Sunday, June 28, 2009

Have a Clue? (2nd edition)

Do we really have a clue? Do parents realize thatat age 9-10 today many young girls are hitting puberty? Boys at 10 know about sex? Are we as parents or grandparents aware of how technically"aware" they may be at this age,but they are still naive kids, right? What a dangerous combination this can be.

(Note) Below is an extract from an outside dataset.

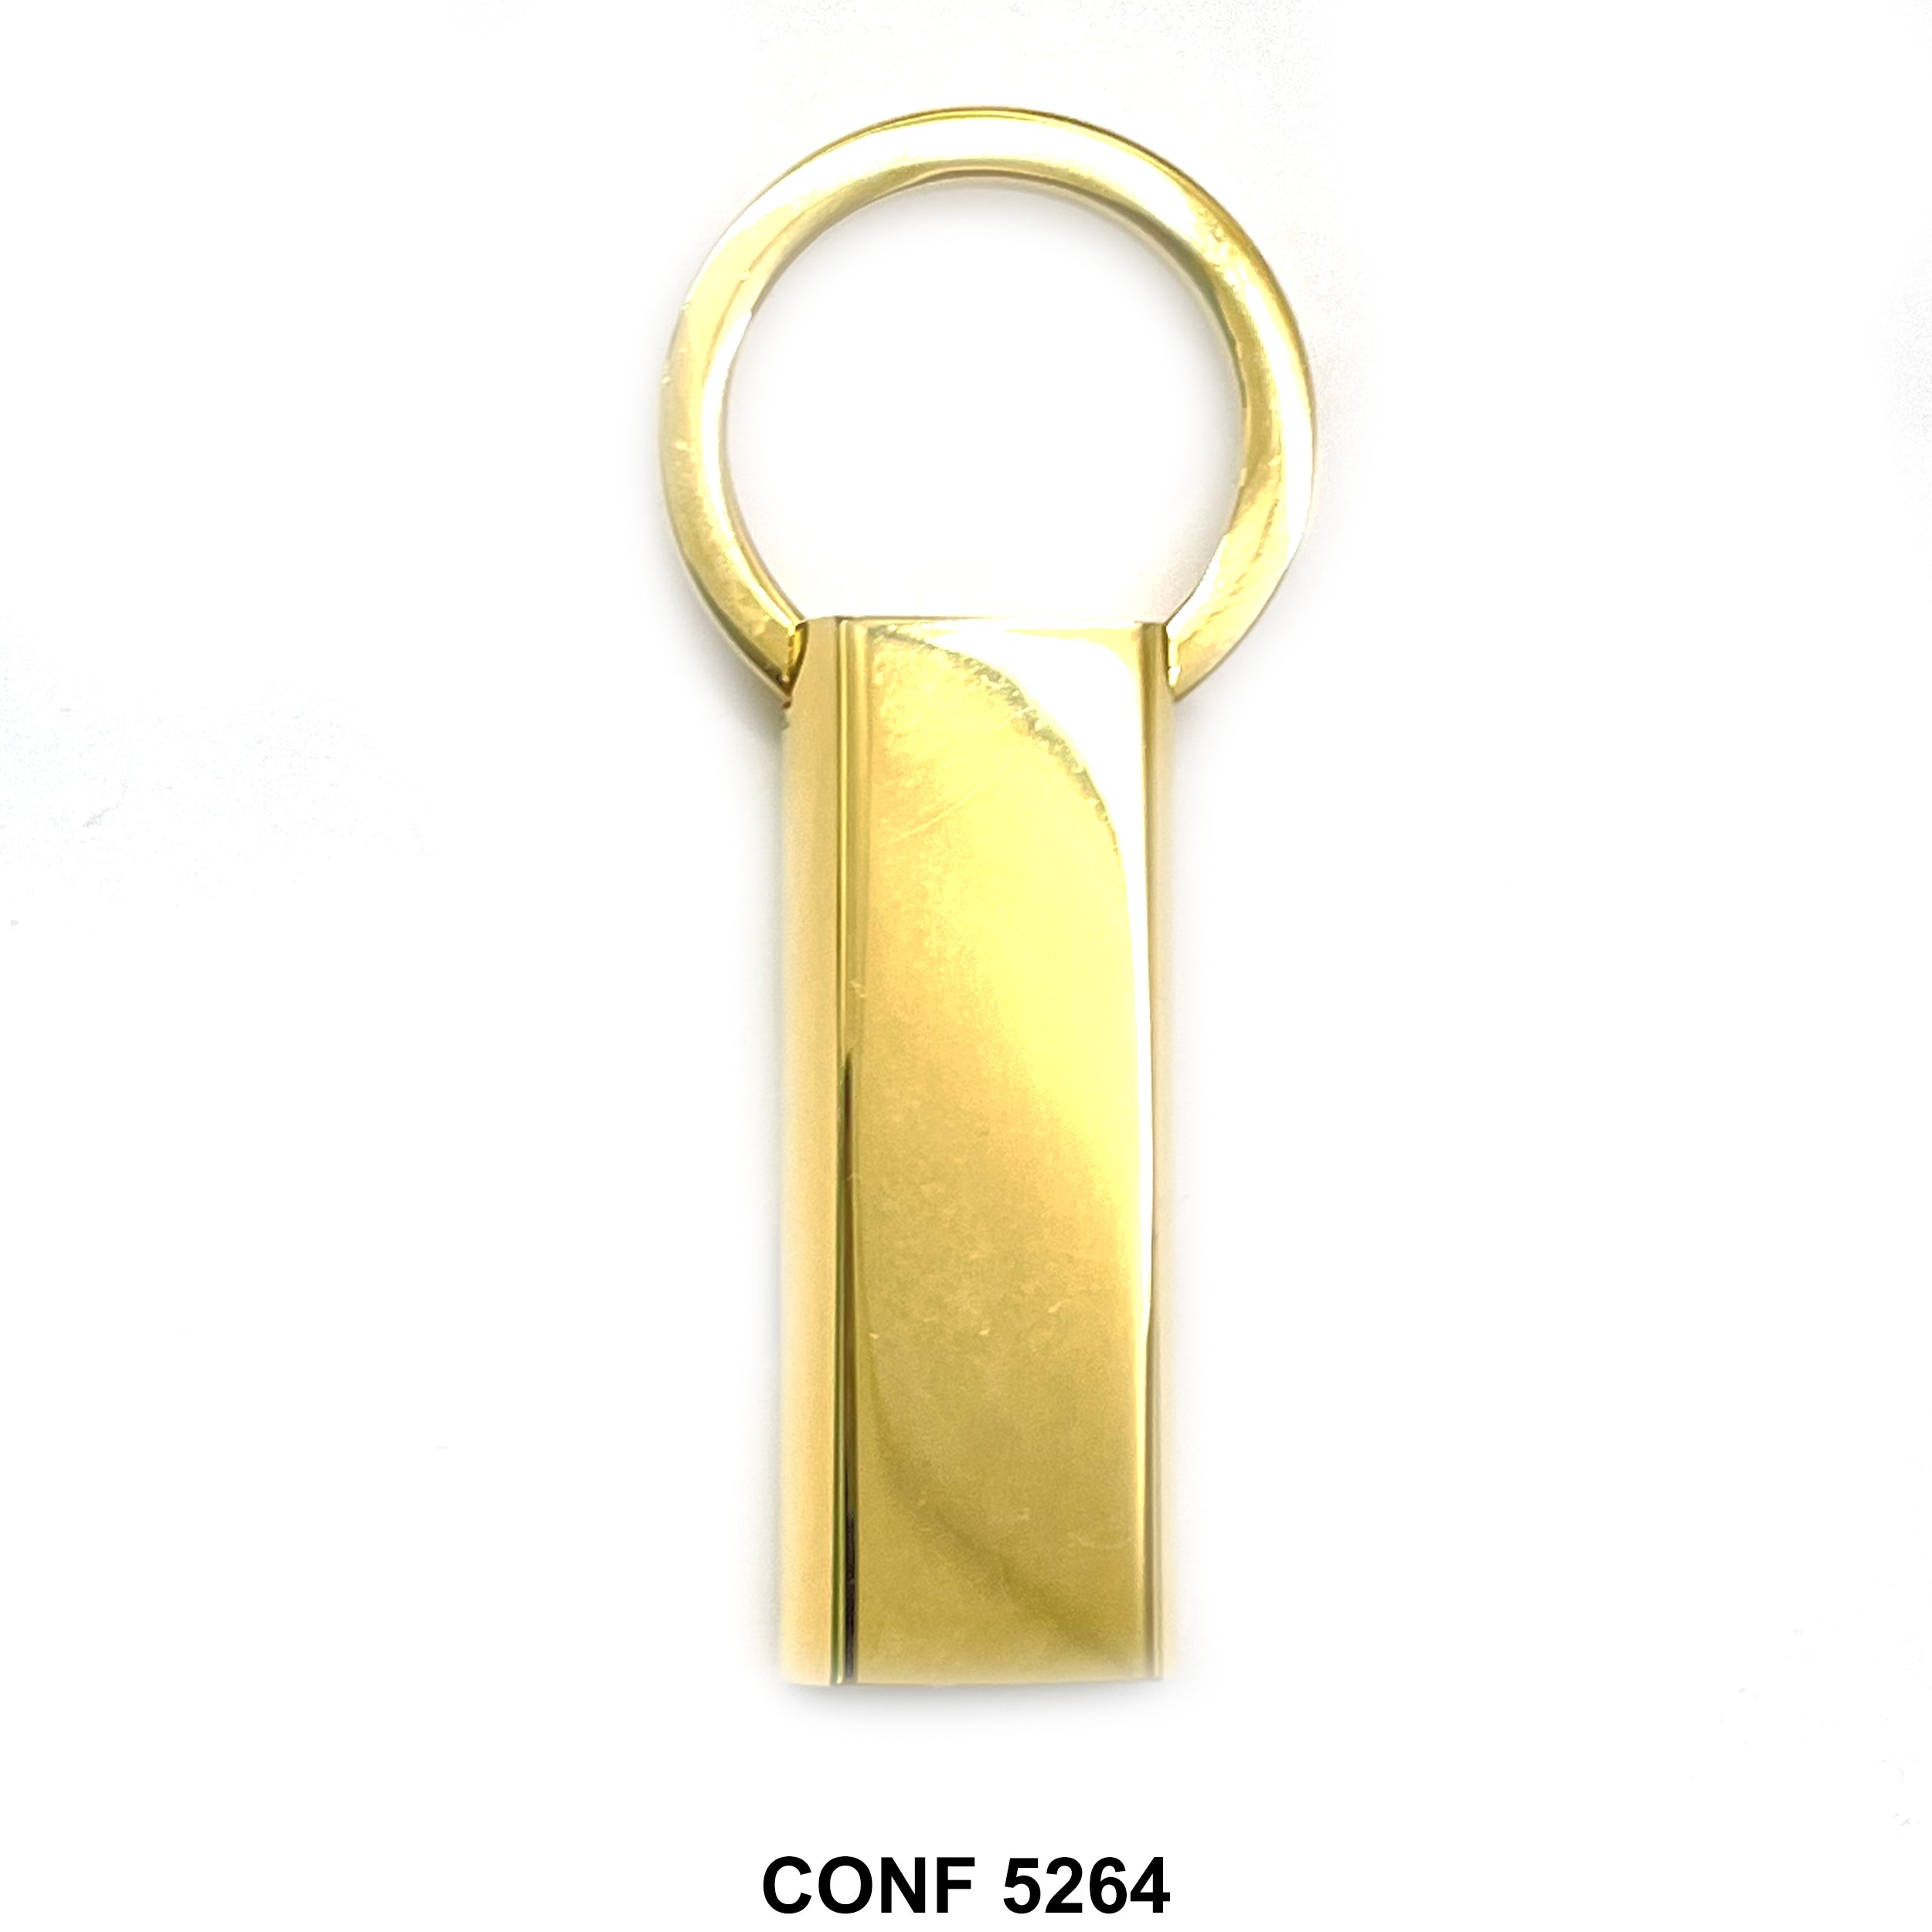 Pull Twist Whistle Keychain CONF 5264

Just because our children know how to upload a questionable photo of a classmate (who puts it out there not knowing it's there for life), why would they? Does a 6th grader view that any differently than sending the latest gossip on their cellphones to a classmate, much less the entire class? Is a 5th grader who is expelled from school for an angry remark made on a My Space really responsible for a a crime? Our kids are so able to get their hands on such technology that can do such harm or make others feel in danger. Can we hold these children totally responsible?

Having been a guidance counselor for 15 years it is scary to have witnessed how quickly one texted remark can cause a total disruptionof a grade level if not an entire school or neighborhood. Are we adults really "awake" to that possiblity, if not probability? Are we supervising our child's online or cell communications where many times these problems all start right in our homes? Are we willing to risk not being a friend to our child or grandchild in order to protect them and others? They will accuse us of invading their privacy as we try to keep them safe from themselves. Can't we handle that?They may be far ahead of you in technological knowledge...but they are still 11, 12, 13 ....with all those ages bring with it! "Tweens" and teens they are all "doing it"...texting, emailing and hosting their own social networkpages! I think as parents and grandparents we want to believe,well our kids would never! Well folks...not only would they ever.... they most certainly already are! Do you want to take that chance, really? It only takes them a minute to type or text....something they may or may not realize is wrong...but changes their lives forever!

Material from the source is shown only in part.